Where the listing below has a line with "Gio Milano Stretch-Jeans", write out exactly that line and every line after it, stopping after the line with "los astros jersey for sale".

• _Dataset content_:
----------

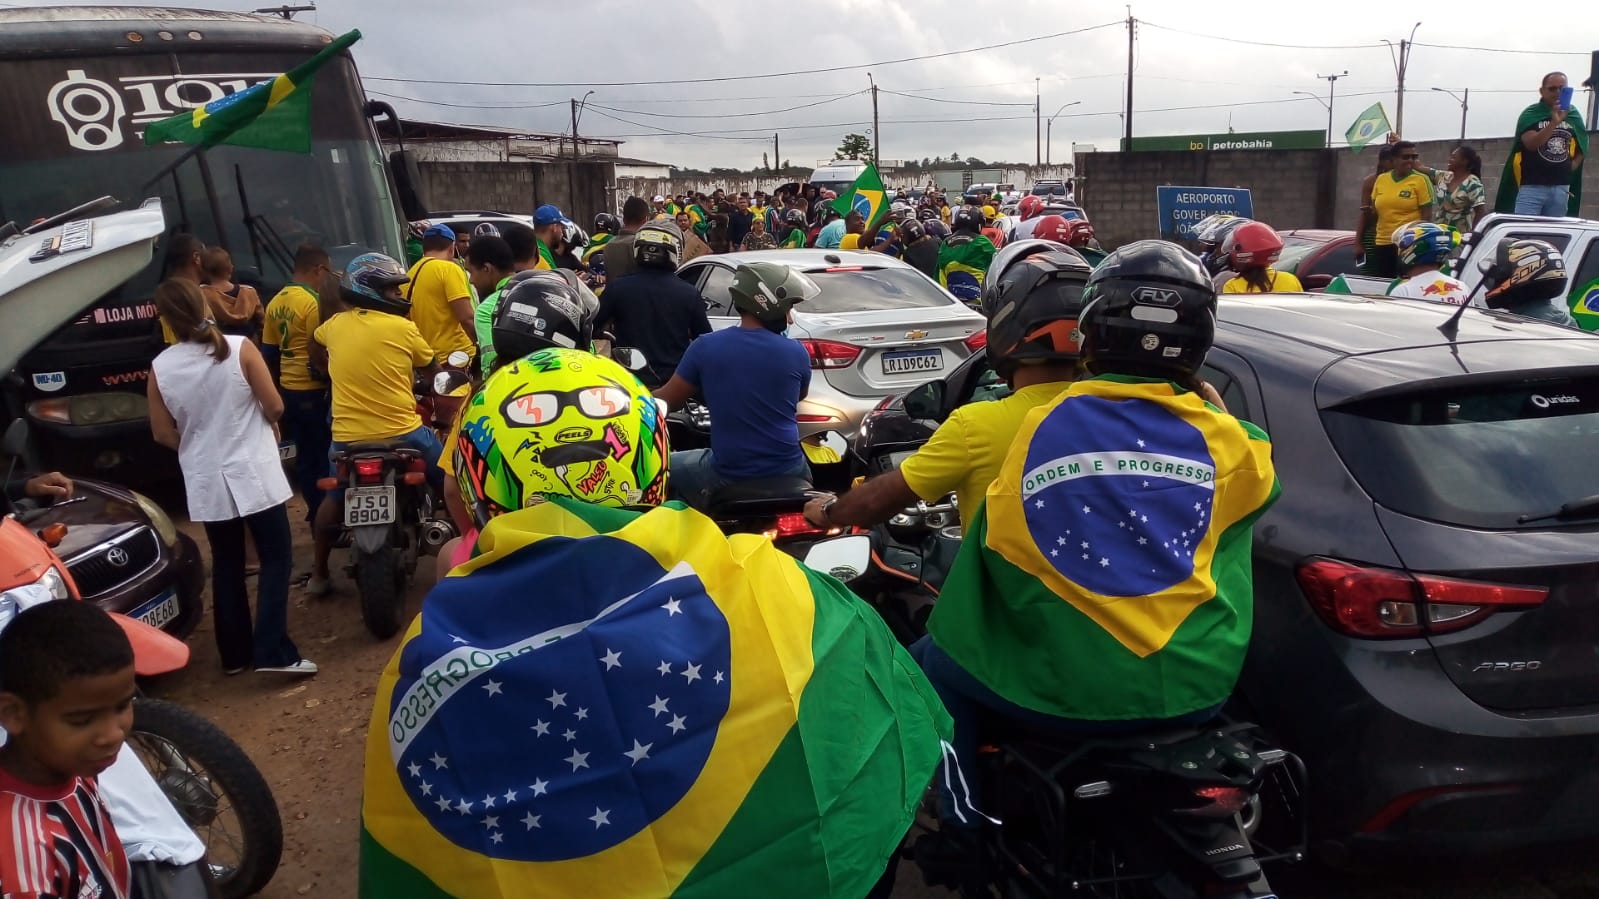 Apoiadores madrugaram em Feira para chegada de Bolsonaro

----------

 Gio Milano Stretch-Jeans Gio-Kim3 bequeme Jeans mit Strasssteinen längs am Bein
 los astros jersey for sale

----------

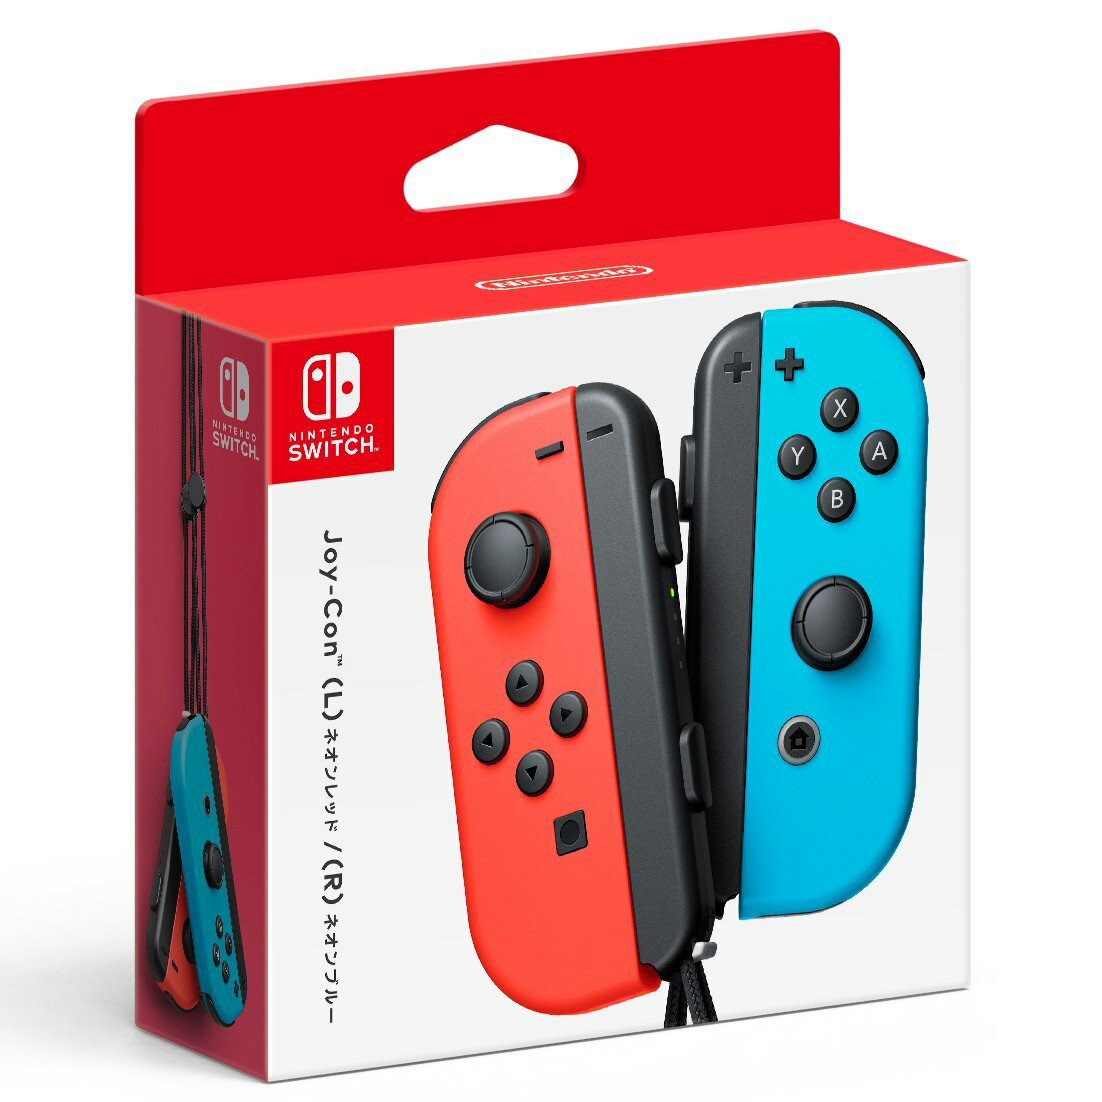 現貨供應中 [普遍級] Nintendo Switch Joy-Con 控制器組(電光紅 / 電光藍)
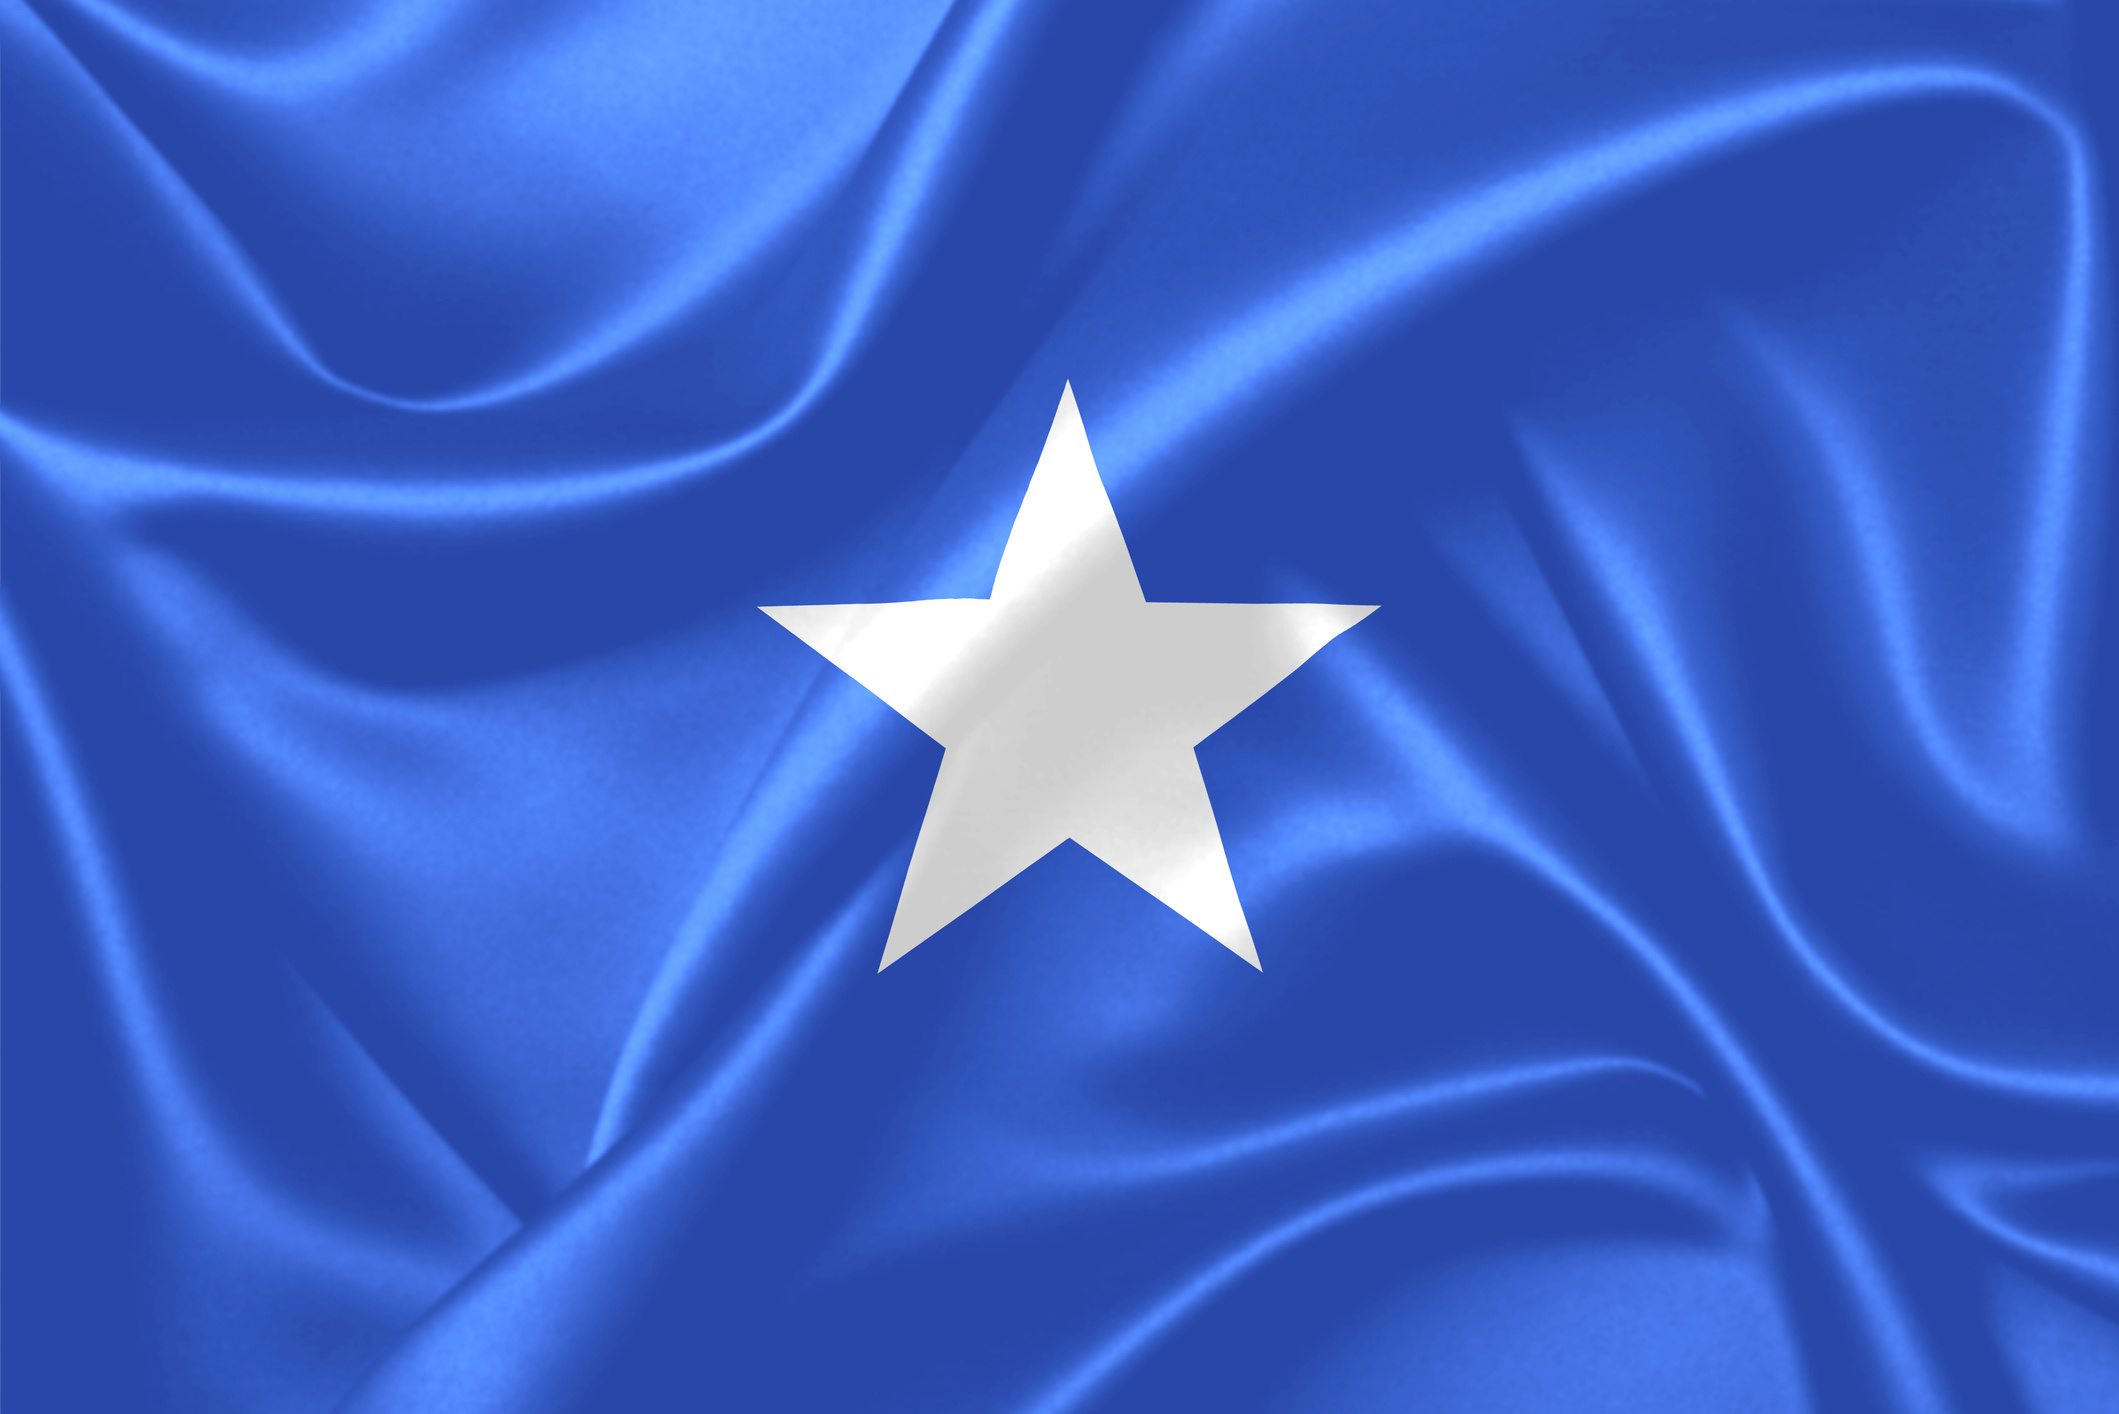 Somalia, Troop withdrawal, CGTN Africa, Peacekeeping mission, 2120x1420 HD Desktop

----------

• _Problem solution_:
 Gio Milano Stretch-Jeans Gio-Kim3 bequeme Jeans mit Strasssteinen längs am Bein
 los astros jersey for sale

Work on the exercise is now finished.